Joanna Rajkowska: The Failure of Mankind
2019, Review by Anna Souter

This is Tomorrow

Joanna Rajkowska: The Failure of Mankind

l’étrangère

18 September – 31 October 2019

Review by Anna Souter

One of the highlights of this year’s Frieze Sculpture display in Regent’s Park is a giant egg. Titled ‘The Hatchling’, the large-scale sculpture by Polish artist Joanna Rajkowska is a replica of a blackbird’s egg, which emits the noises of a hatching bird: heartbeat, pecking, and attempts at vocalisation. Rajkowska’s current solo show at l’étrangère follows up on the themes of this piece under the bleak but apposite title ‘The Failure of Mankind’. Although she usually produces work for public spaces, Rajkowska has reconsidered various elements of her practice to present her work in a gallery setting for l’étrangère. The exhibition pivots around the notion of empathy – in particular, the (in)ability of human beings to understand the feelings and ways of being of other species. If we don’t strive for this empathy, Rajkowska suggests, we will fail to recognise our dependence on the natural world, and head instead towards simultaneous ecocide and self-destruction.The most striking works in ‘The Failure of Mankind’ are a series of masks and shoes, made from animal fur, bones and manmade rubbish, mostly found discarded in the woods around Rajkowska’s studio outside Warsaw. By invoking the power of garments and the ritualistic creation of personae through masks, Rajkowska invites us to put ourselves ‘in the shoes’ of another species, to ‘get under the skin’ of the animal world. In other words, she invites us to feel with members of the animal world whom we otherwise ignore.

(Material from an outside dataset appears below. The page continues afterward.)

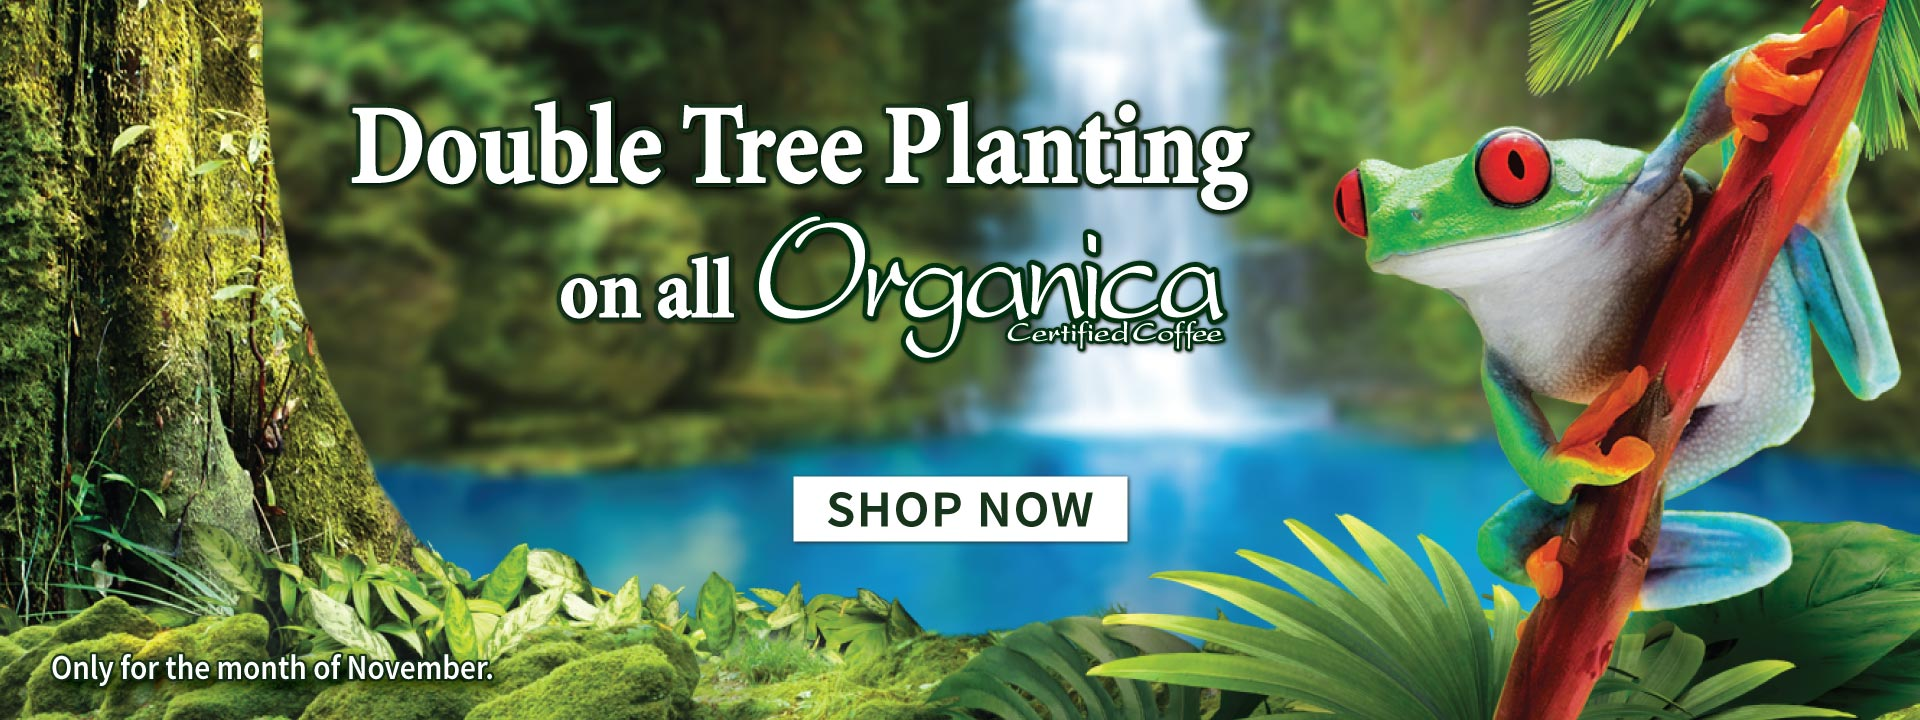 double tree planting

The works do not refer to specific species or even groups of animals, instead suggesting hybridity. In the masks, bird-like beaks are created through reused rodent skulls, for instance, and bright blue horns sit above a semi-human face with vertebrae for eyes. There is a feeling of folk art, of magic and ritual. Whereas much recent eco-art adopts a data-driven approach or a technological aesthetic, Rajkowska instead encourages viewers to use their sensory imagination to explore ways of getting beyond the scientific or philosophical confines of the human mind and body, and to recognise a sense of open-ended shared identity with nonhumans.

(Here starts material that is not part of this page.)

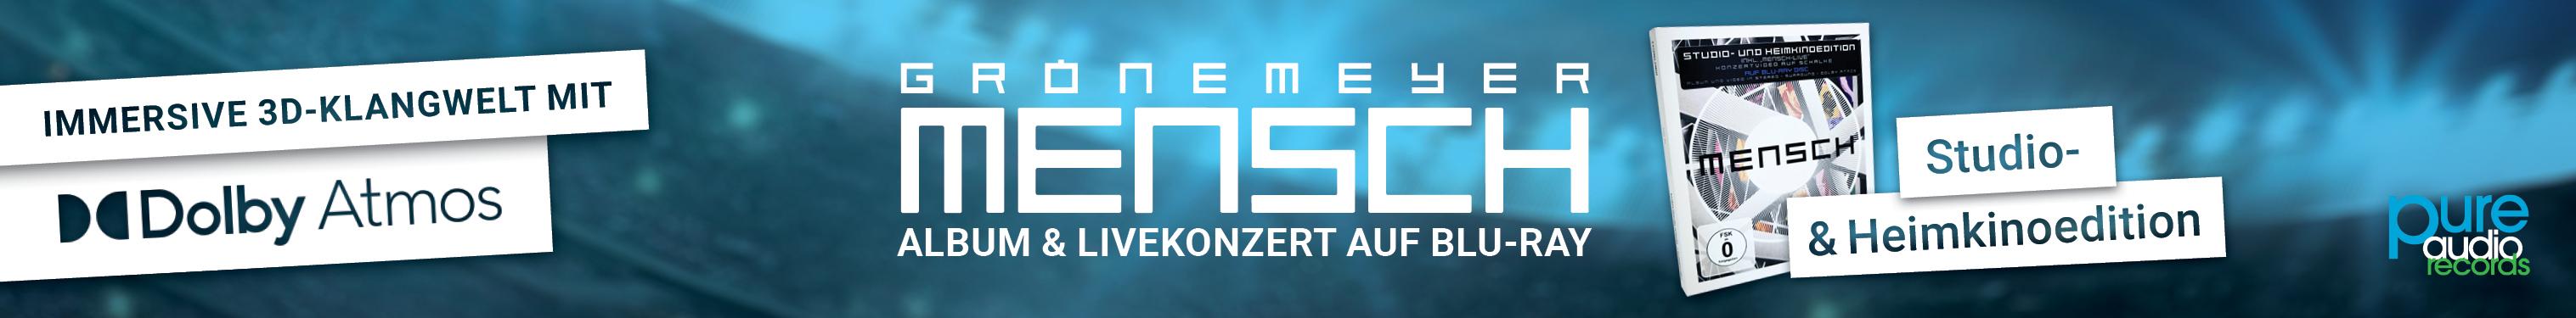 Dolby Atmos / Grönemeyer

The sensorium is also evoked by two works in the show which follow more closely in the footsteps of ‘The Hatchling’. Visitors can touch these hand-painted eggs and reach underneath to find a small button which, when pressed, produces the sounds of an unborn baby bird. The press of ear to artwork suggests a direct bodily connection to the imagined animal inside.

In the second room of the exhibition, the egg shape takes on a slightly different meaning, suggesting a fluidity and flexibility to Rajkowska’s worldview and modes of working. These collages on paper present images from the industrial revolution pasted onto an ovoid shape, which has come to indicate a distorted globe; the world pulled out of shape by the destructive actions of human beings.

In ‘The Failure of Mankind’, Joanna Rajkowska indicates how humans have failed the natural world – and, ultimately, themselves. But she also suggests how we might act before it’s too late: by finding ways to understand nonhuman lives and, above all, by finding ways to empathise.